A Free Syrian Army fighter during clashes with forces loyal to President Bashar al-Assad in Aleppo, the nation’s largest city.

By ANBEIRUT, Lebanon — Chaos continued to spread in Syria’s largest city, Aleppo, on Monday, as rebels attacked the towering municipality building with rockets, sending civil servants fleeing from one of the few government buildings still functioning as dozens of soldiers worked to defend the city center. NE BARNARD

“We don’t want to hurt the employees, but we want them not to come to work or they will be killed,” Sa’id Abu Abdo, 25, an armed insurgent, said in Aleppo after the attack. “We will liberate each building in the city.”

In a city that was once considered a bastion of support for President Bashar al-Assad, and for a time was spared armed conflict, two months of pitched battles have taken a heavy toll, disrupting the city and threatening to open new rifts among ethnic groups that have long coexisted there.

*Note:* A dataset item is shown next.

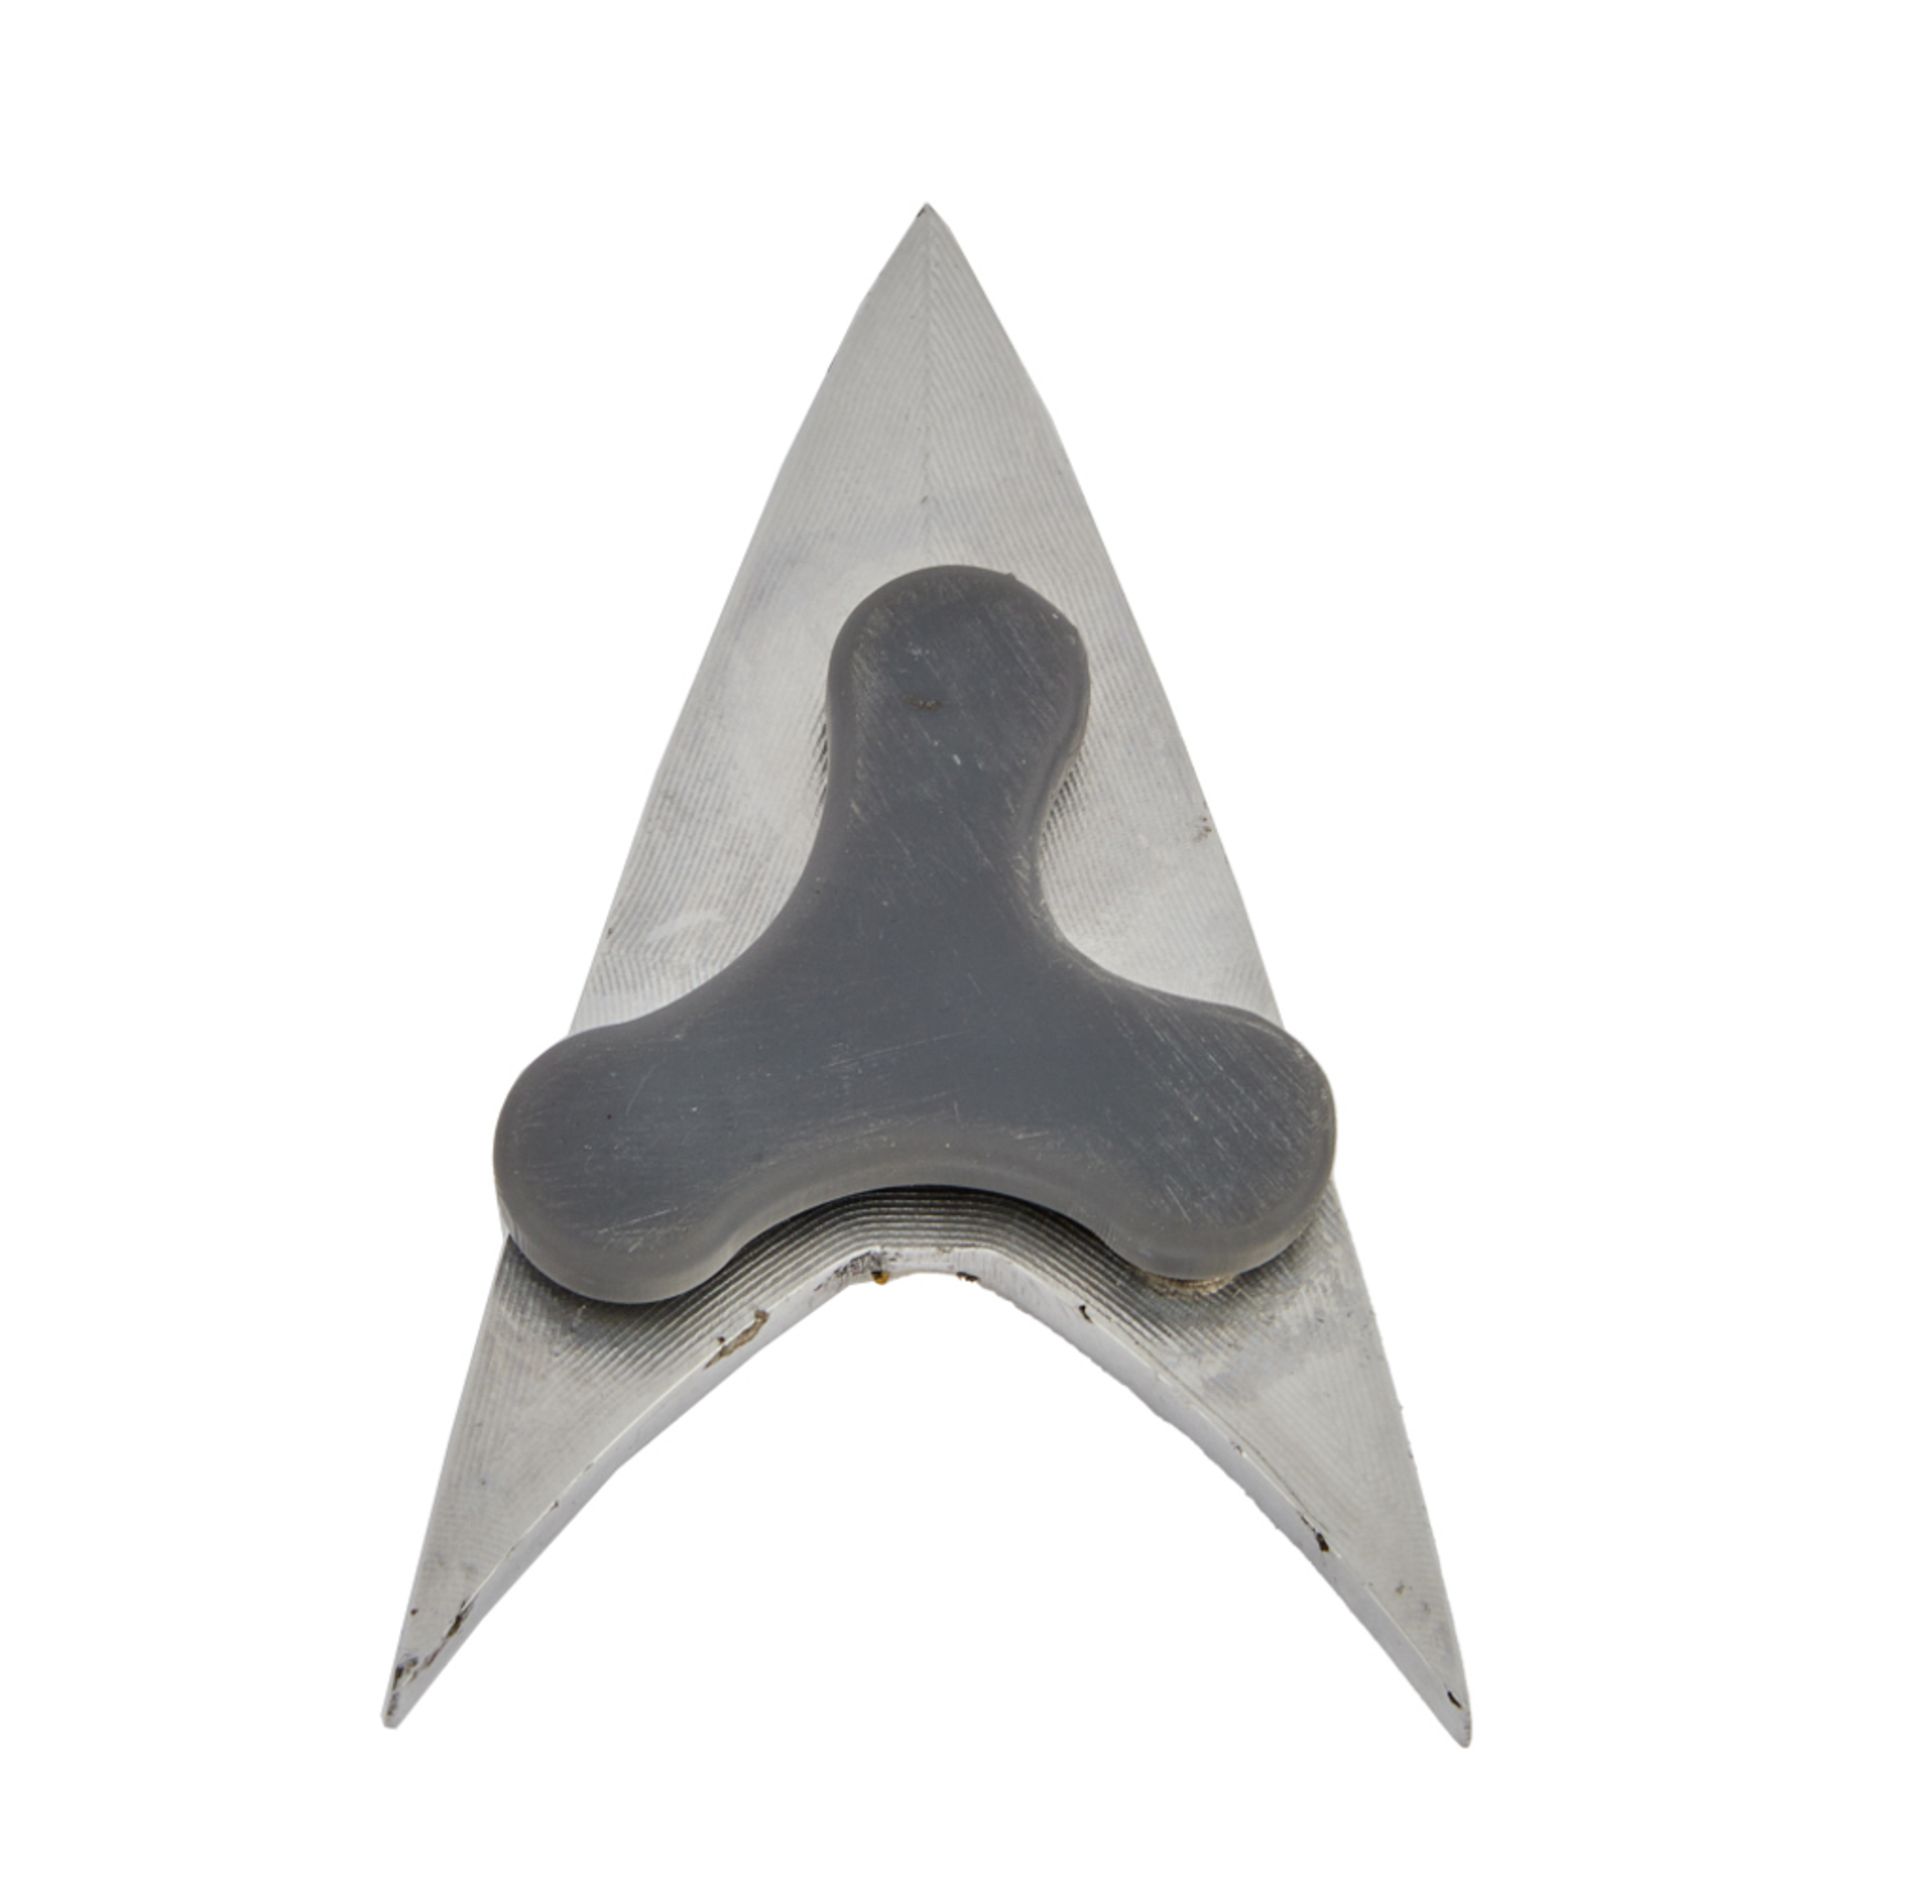 PICARD | PATRICK STEWART "JEAN-LUC PICARD" ALTERNATE TIMELINE HERO COMBADGE PROP (WITH DVD) - Image 2 of 3

Compared to six weeks ago, the contrast observed on Monday was striking. Municipal services have collapsed in many areas, and Christian, Kurdish and wealthy Sunni Muslim neighborhoods that had felt secure when fighting began have been the site of clashes once limited to the poorer Sunni areas. In one Aleppo neighborhood, corpses lay uncollected, gnawed by cats and dogs, and piles of garbage attracted clouds of black flies.

Most of the city’s malls and many health centers in anti government neighborhoods were closed. Even police stations appeared abandoned; the force draws mostly from rural and working-class areas where support for the uprising is strong. Some residents reported that their neighborhoods had been without drinking water or electricity for weeks.

Some Christians, historically a vital part of Aleppo’s bustling ethnic mix, have taken up arms to guard their neighborhoods and churches. Many of Syria’s minority communities have either sided with President Assad, fearing his fall would leave them vulnerable to the Sunni-led opposition, or stayed out of the conflict because they did not trust either side. One man patrolling his largely Christian neighborhood with a Kalashnikov rifle said the government was arming Armenian Christians in what he called an attempt to draw them into the conflict.

“Today it is clear for us that the Muslims from the countryside want to destroy our city,” he said. “They have nothing to lose.”

He identified himself as Gano, an Armenian member of what he called a popular committee recently organized to defend the neighborhood, Aziziyah, which was sheltering refugees from other Christian neighborhoods where fighting had broken out.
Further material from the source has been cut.